ACTION ITEM:
Everything in the listing below except the pictures should be reproduced exactly.

RECORDED INFORMATION:
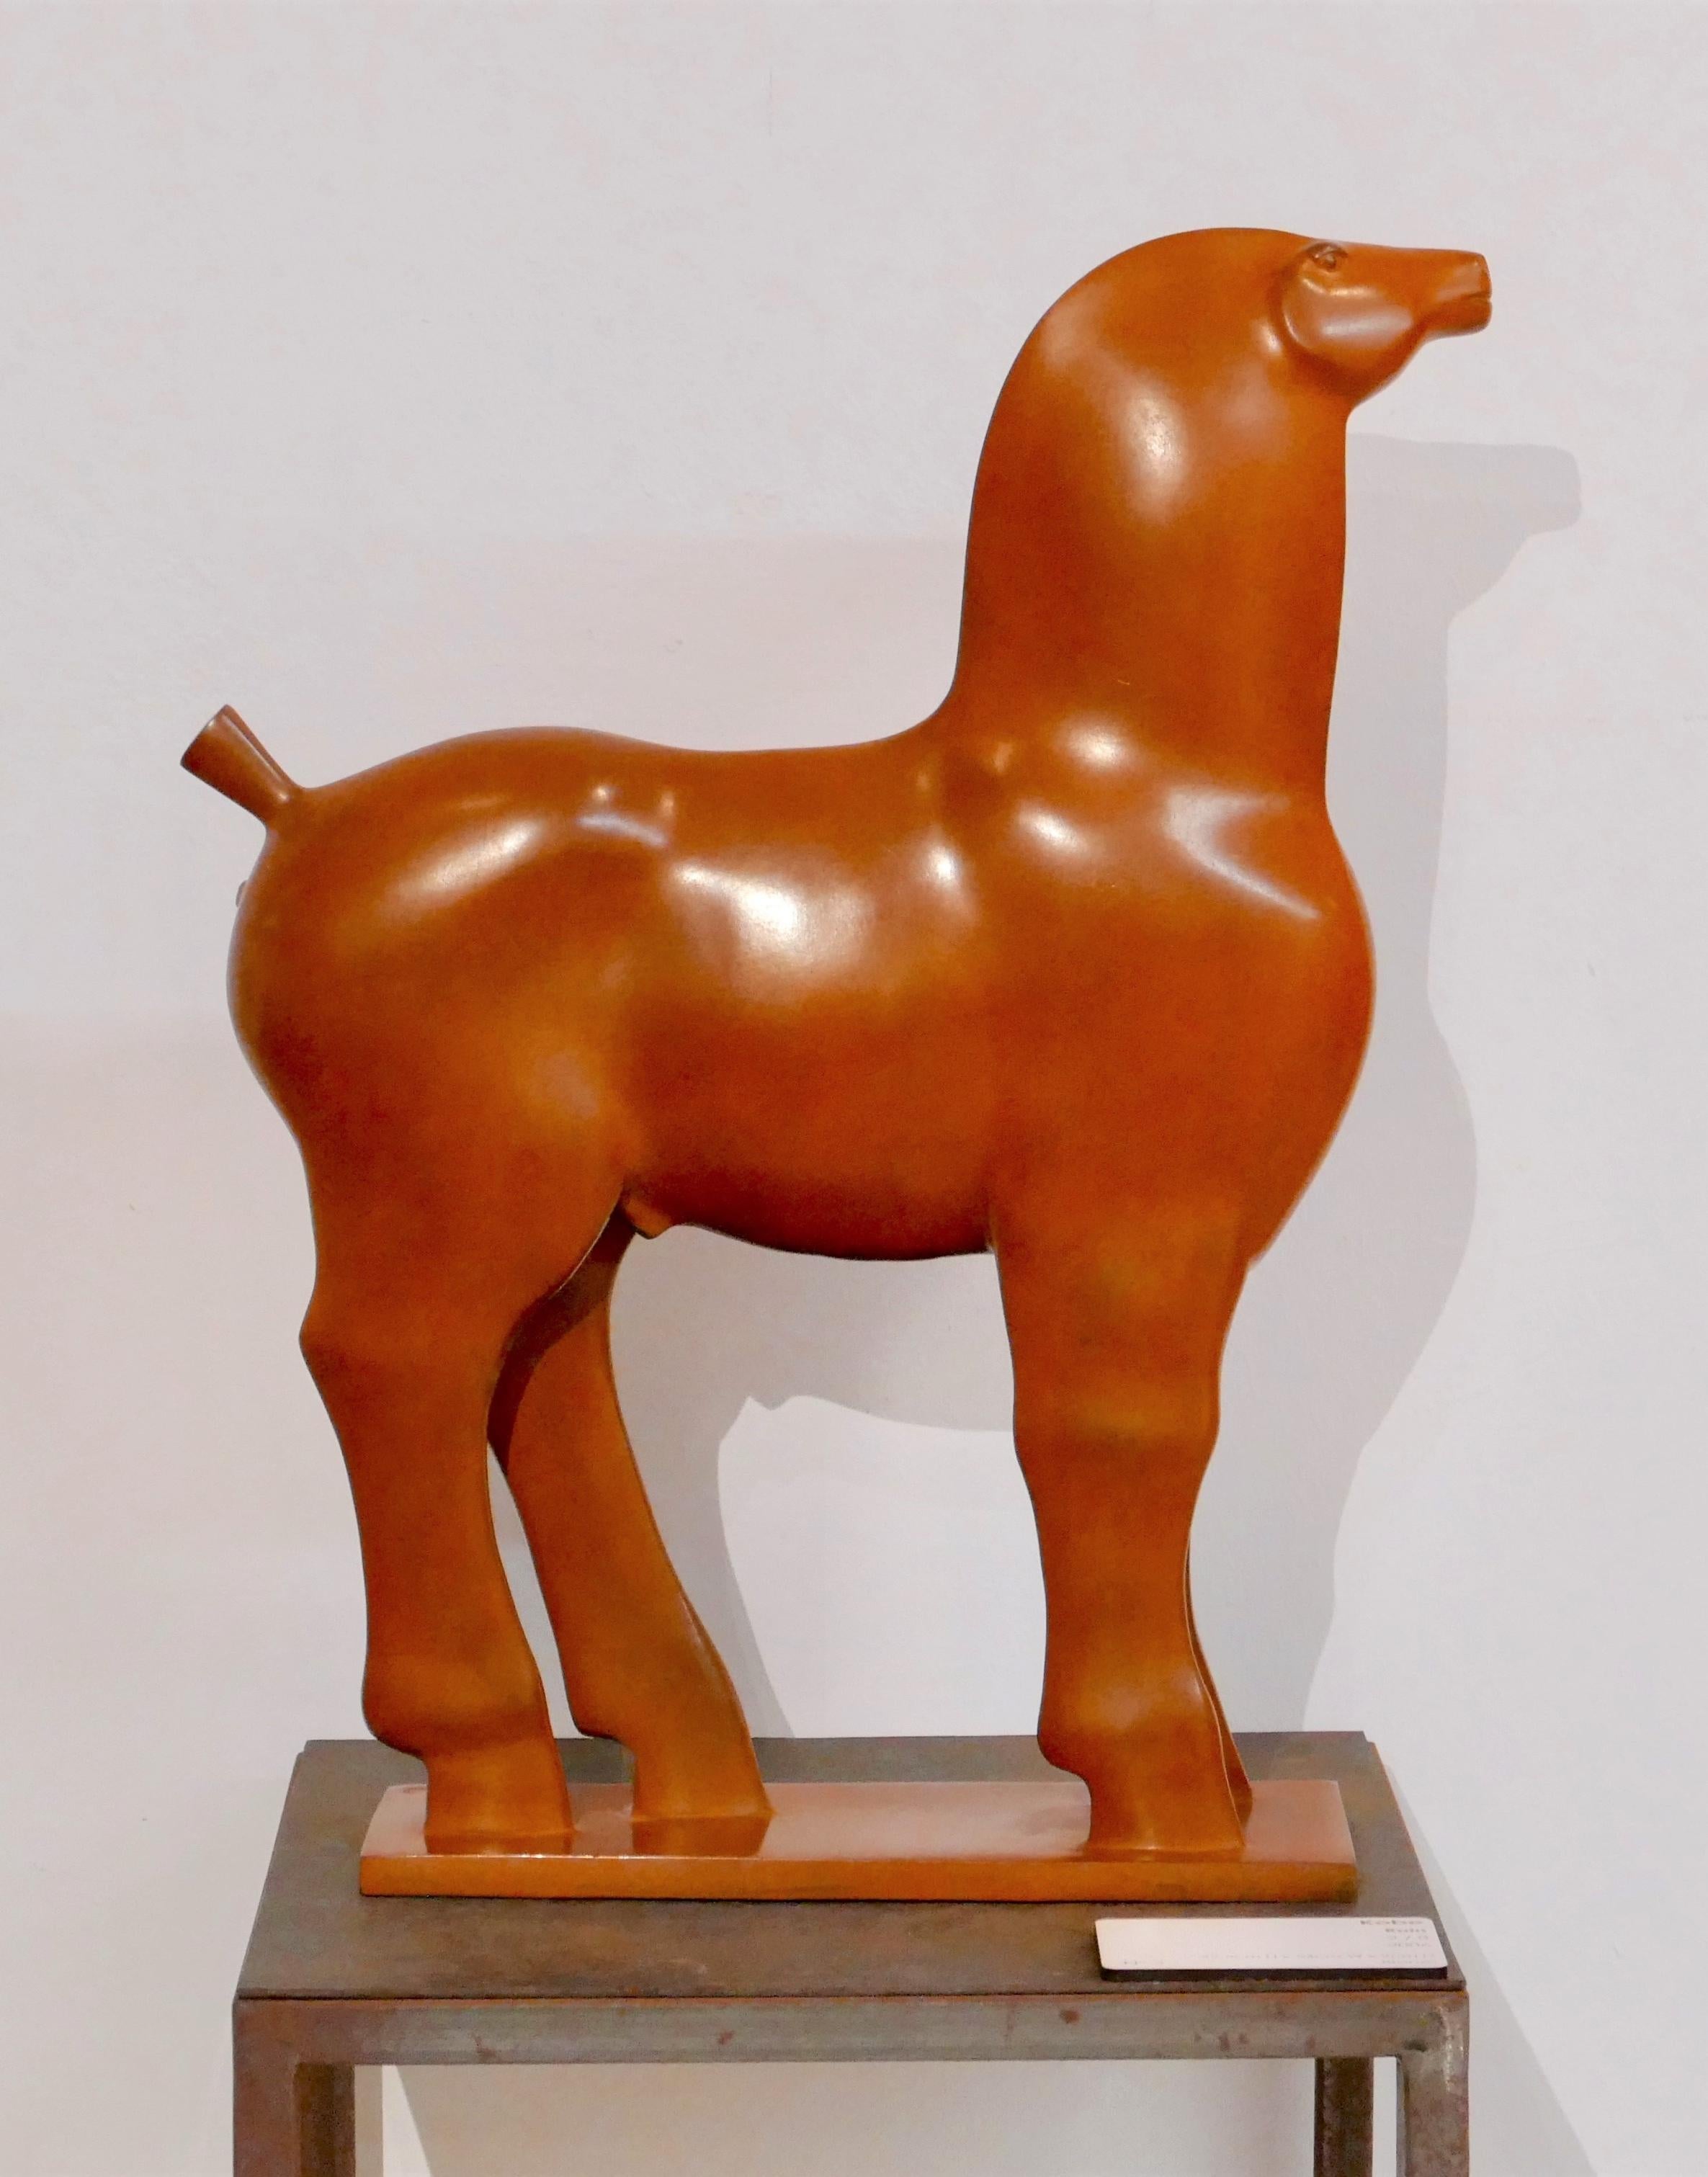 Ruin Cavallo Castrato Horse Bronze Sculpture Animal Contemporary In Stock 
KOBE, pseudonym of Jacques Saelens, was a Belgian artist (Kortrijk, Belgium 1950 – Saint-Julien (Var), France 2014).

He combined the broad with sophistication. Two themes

EXERCISE ANSWER:
 Ruin Cavallo Castrato Horse Bronze Sculpture Animal Contemporary In Stock 
KOBE, pseudonym of Jacques Saelens, was a Belgian artist (Kortrijk, Belgium 1950 – Saint-Julien (Var), France 2014).

He combined the broad with sophistication. Two themes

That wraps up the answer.